U.S. chip stocks dropped Monday following reports that the Trump administration is planning stricter controls on China’s tech sector. The proposed rule would expand current sanctions to include subsidiaries of blacklisted companies, closing a loophole that has allowed Chinese firms to bypass restrictions by creating new corporate entities.
According to Bloomberg, the rule would require U.S. government licenses for transactions involving any firm that is at least 50% owned by a company already on the U.S. Entity List, Military End-User list, or the Specially Designated Nationals list.
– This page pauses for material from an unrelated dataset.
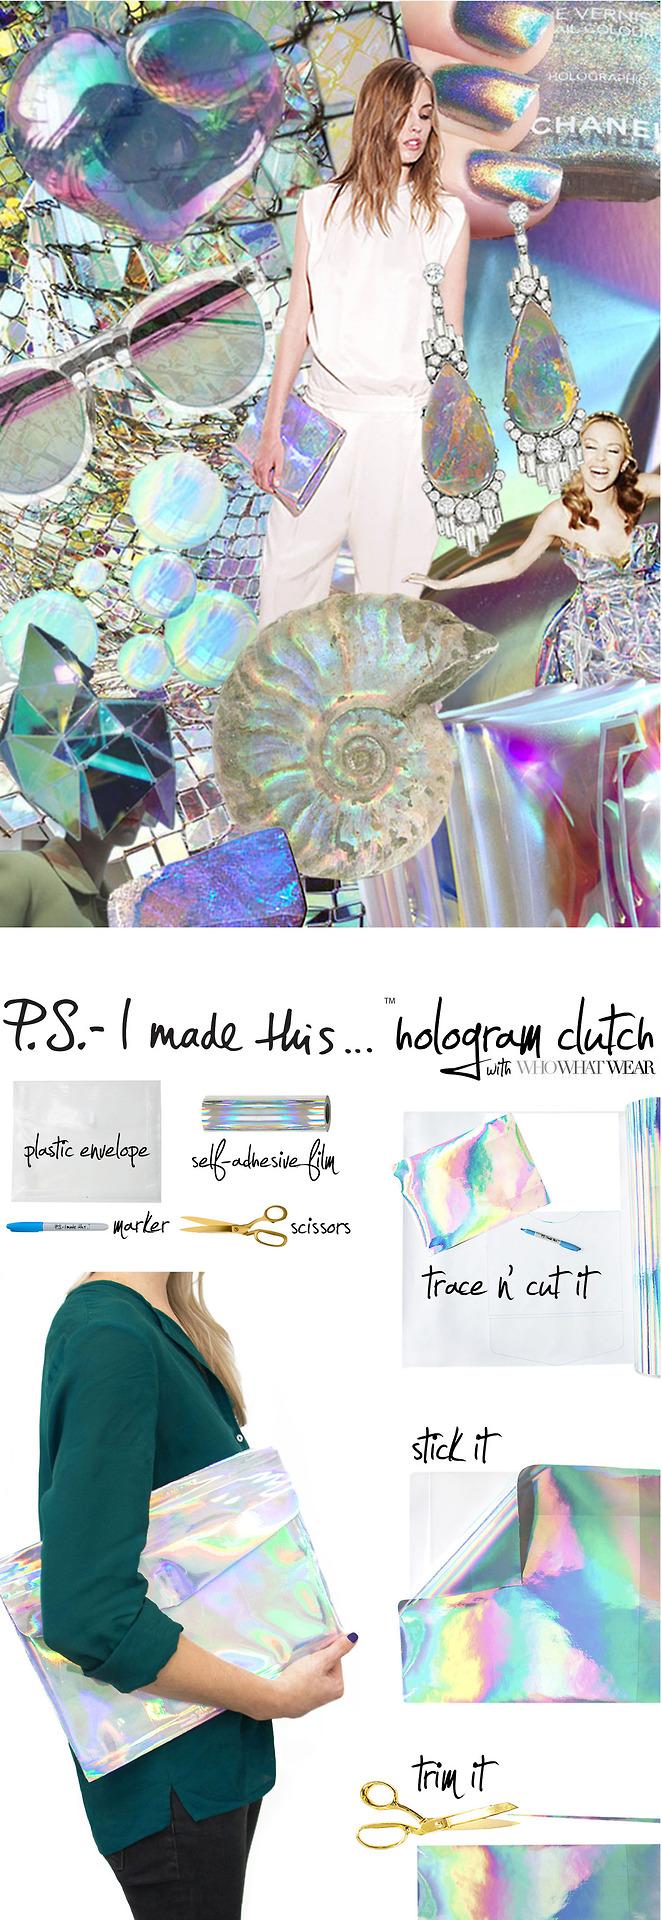 hologram_clutch-tumblr_MERGE
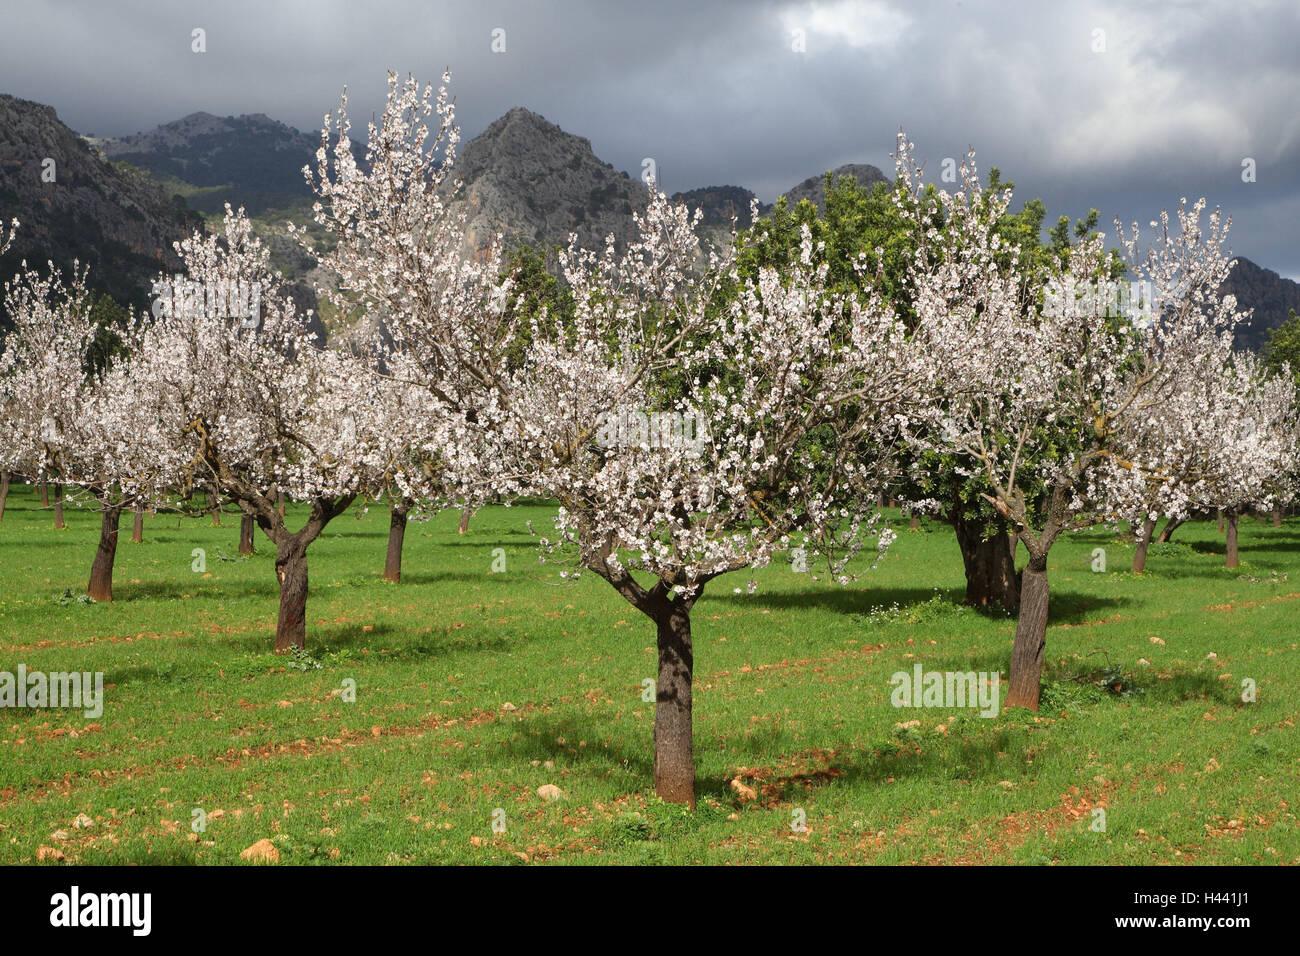 Mallorca paisaje de monta a almendros en flor espa a for Arboles de hoja perenne para clima mediterraneo

The regulation, still under discussion, could be introduced as early as June and may pave the way for further sanctions against Chinese tech giants.
The move comes amid rising U.S.-China tensions, especially in the semiconductor sector. On Friday, President Donald Trump accused Beijing of undermining recent Geneva trade negotiations. In response, China expressed frustration over U.S. chip export controls, while the U.S. criticized China’s restrictions on critical minerals.
Markets reacted swiftly. Nvidia (NASDAQ: NVDA) fell 1%, Marvell Technology (NASDAQ: MRVL) dropped 1.9%, and Broadcom (NASDAQ: AVGO) declined 0.9%. Taiwan Semiconductor Manufacturing Co. (TSMC) slipped 0.9%, and the iShares Semiconductor ETF (NASDAQ: SOXX) was down nearly 1% in premarket trading. Chinese chipmakers were also hit, with SMIC down 1.1% and Hua Hong Semiconductor losing nearly 3% in Hong Kong.
This policy shift underscores Washington’s intent to curb China’s tech rise by targeting not only parent companies but also their global subsidiaries. U.S. officials have described the regulatory gap as a game of “whack-a-mole,” emphasizing the need for tighter enforcement to prevent circumvention of existing sanctions.